5.7. Supplementary Material

Reaction time

ANOVA analysis revealed significant differences in participants’ reaction time between the species recognition (F(3) = 87.264, p<.001) . All contrasts were found significant after Bonferroni correction excepted the following contrasts chimpanzee vs macaque and bonobo vs macaque.

Therefore, participants showed a faster reaction time in categorizing human voices compared to chimpanzee (χ2(1) = 113.2, p<.001), bonobo (χ2(1) = 126.95, p<.001), and macaque vocalizations (χ2(1) = 218.74, p<.001). Participants were also faster to recognize human and then chimpanzee and bonobo vocalizations compared to macaque calls (χ2(1) = 265.56, p<.001).

Figure 62: Reaction time (ms) and SD of human recognition of primate species through their vocalizations. All contrasts were significant after Bonferroni correction with Pcorrected = .01.

Chapter 6.

Brain Activation Lateralization in Monkeys (Papio anubis) following Asymmetric Motor and Auditory stimulations through functional Near Infrared Spectroscopy

Coralie Debracque*, Thibaud Gruber*, Romain Lacoste, Didier Grandjean‡ and Adrien Meguerditchian‡

Submitted

6.1. Abstract

Hemispheric asymmetries have long been seen as characterizing the human brain; yet, an increasing number of reports suggest the presence of such brain asymmetries in our closest primate relatives. However, most available data in non-human primates have so far been acquired as part of neuro-structural approaches such as MRI, while comparative data in humans are often dynamically acquired as part of neuro-functional studies. In the present exploratory study in baboons (Papio anubis), we tested whether brain lateralization could be recorded non-invasively using fNIRS device in two contexts: motor and auditory passive stimulations. Under light propofol anaesthesia monitoring, 3 adult female baboons were exposed to a series of i) left- versus right-arm passive movement stimulation; and ii) left- versus right-ear versus stereo auditory stimulations while recording fNIRS signals in the brain related areas (i.e., motor central sulcus and superior temporal cortices respectively).

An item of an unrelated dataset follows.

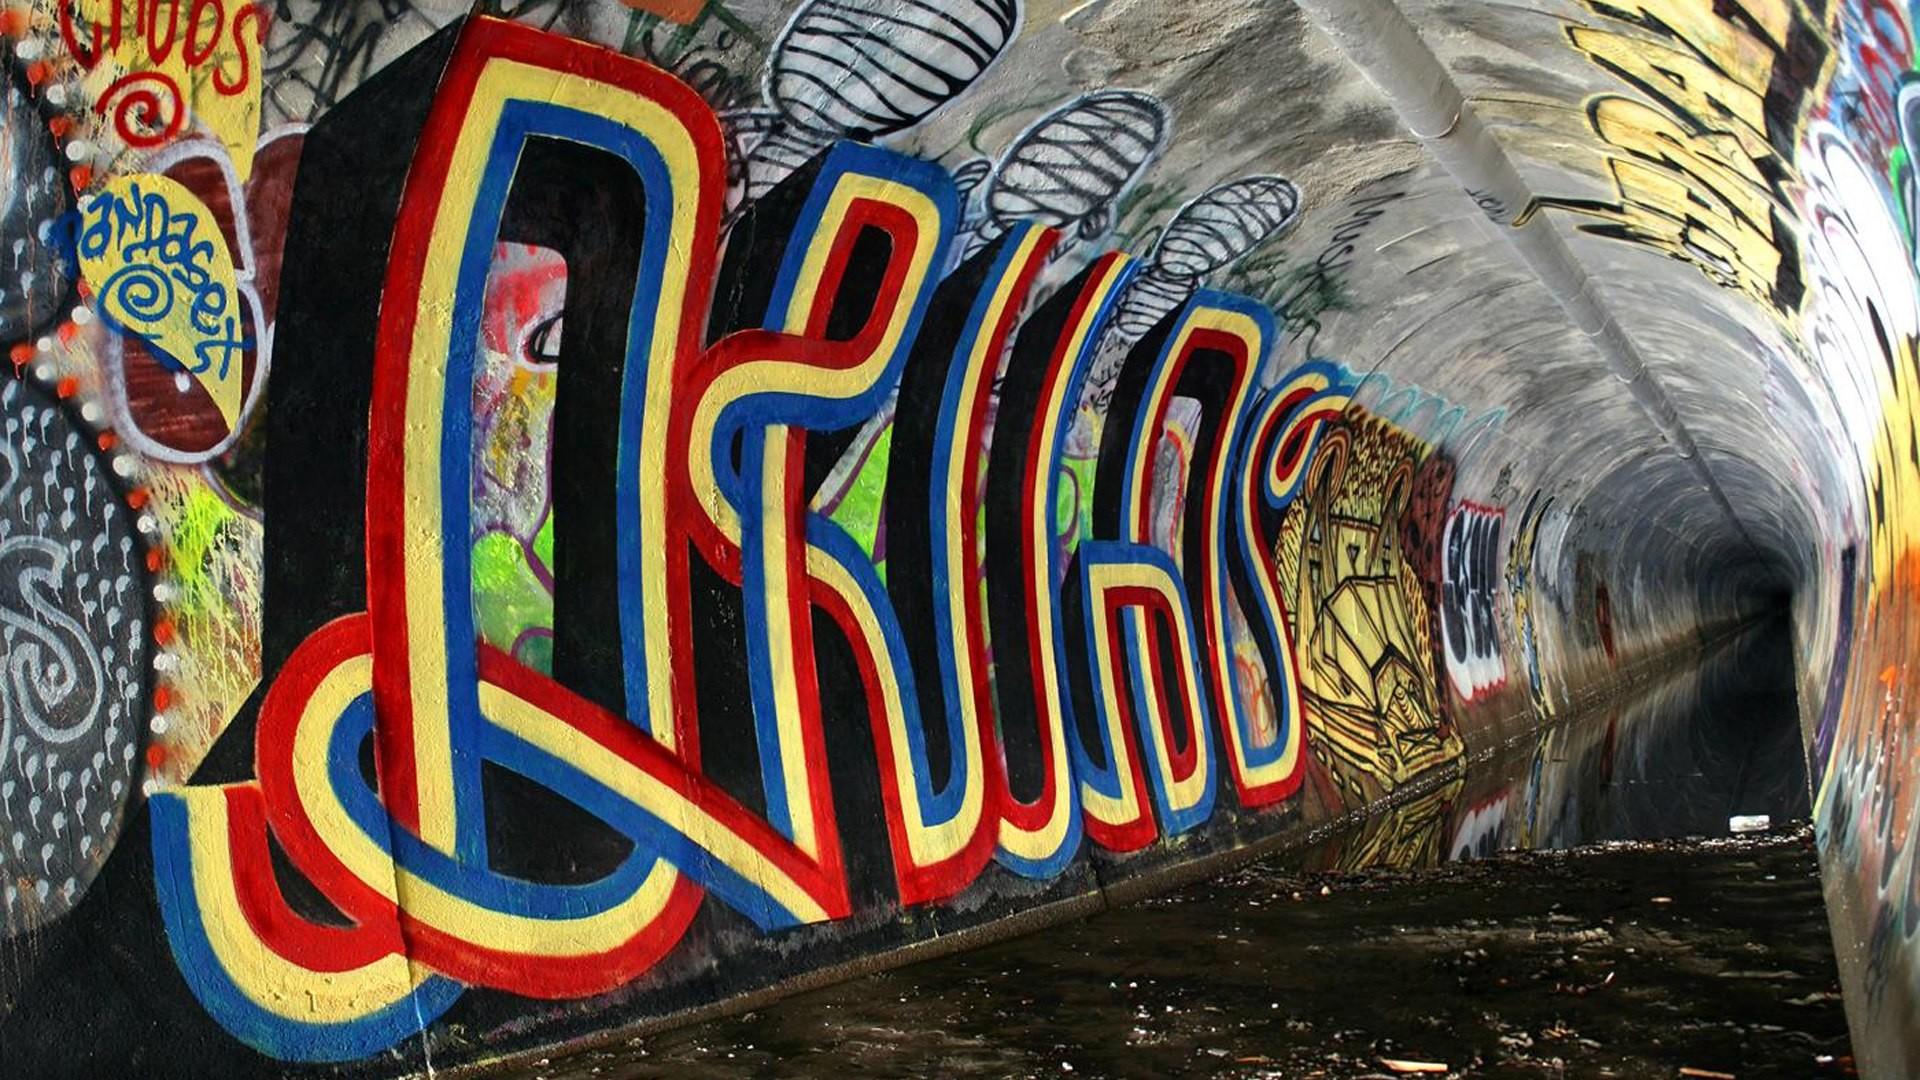 1920x1080 Graffiti Art Beautiful Cool Wallpaper HD Part Of

For the motor condition our results show that left-arm versus right-arm stimulations induced typical contralateral difference in hemispheric activation asymmetries in the 3 subjects for all 3 channels. For the auditory condition, we also revealed typical human-like patterns of hemispheric asymmetries in 1 subject for all three channels, namely i) typical contralateral differences in hemispheric asymmetry between left-ear versus right-ear stimulations, and ii) a rightward asymmetry for stereo stimulations. Overall, our findings support the use of fNIRS to investigate brain processing in non-human primates from a functional perspective, opening the way for the development of non-invasive procedures in non-human primate brain research.

Keywords: fNIRS, hemispheric lateralization, primate, motor perception, auditory perception

6.2. Introduction

Lateralization is often presented as a key characteristic of the human brain, which separates it from other animal brains (Eichert et al., 2019); yet, an increasing number of studies, particularly in non-human primates (from here onward, primates), dispute this claim in a broad array of topics ranging from object manipulation, gestural communication to producing or listening to species-specific vocalizations (Fernández-Carriba et al., 2002;

Hook-Costigan & Rogers, 1998; Lindell, 2013; Margiotoudi et al., 2019; Meguerditchian et al., 2012, 2013). For instance, several primate studies present behavioral evidence of manual lateralization (Fitch & Braccini, 2013; Meguerditchian et al., 2013) which have been shown to be associated with contralateral hemispheric correlates at the neuro-structural level (Margiotoudi et al., 2019; Meguerditchian et al., 2012). Other examples show orofacial asymmetries during vocal production, as evidenced by more pronounced grimaces on the left side of the mouth, which is suggestive of right hemisphere dominance in monkeys and great apes (Fernández-Carriba et al., 2002; Hook-Costigan & Rogers, 1998), as has been documented in humans (Moreno et al., 1990). In addition, comparative structural neuroimaging has shown that particular areas known to be leftwardly asymmetric in humans such as the Planum Temporale in the temporal cortex presented also leftward asymmetry in both monkeys and great apes (Gannon et al., 1998; Hopkins et al., 2015; Marie et al., 2018; Pilcher et al., 2001), although the bias at the individual level seems to be more pronounced in humans (Rilling, 2014; Yeni-Komshian & Benson, 1976).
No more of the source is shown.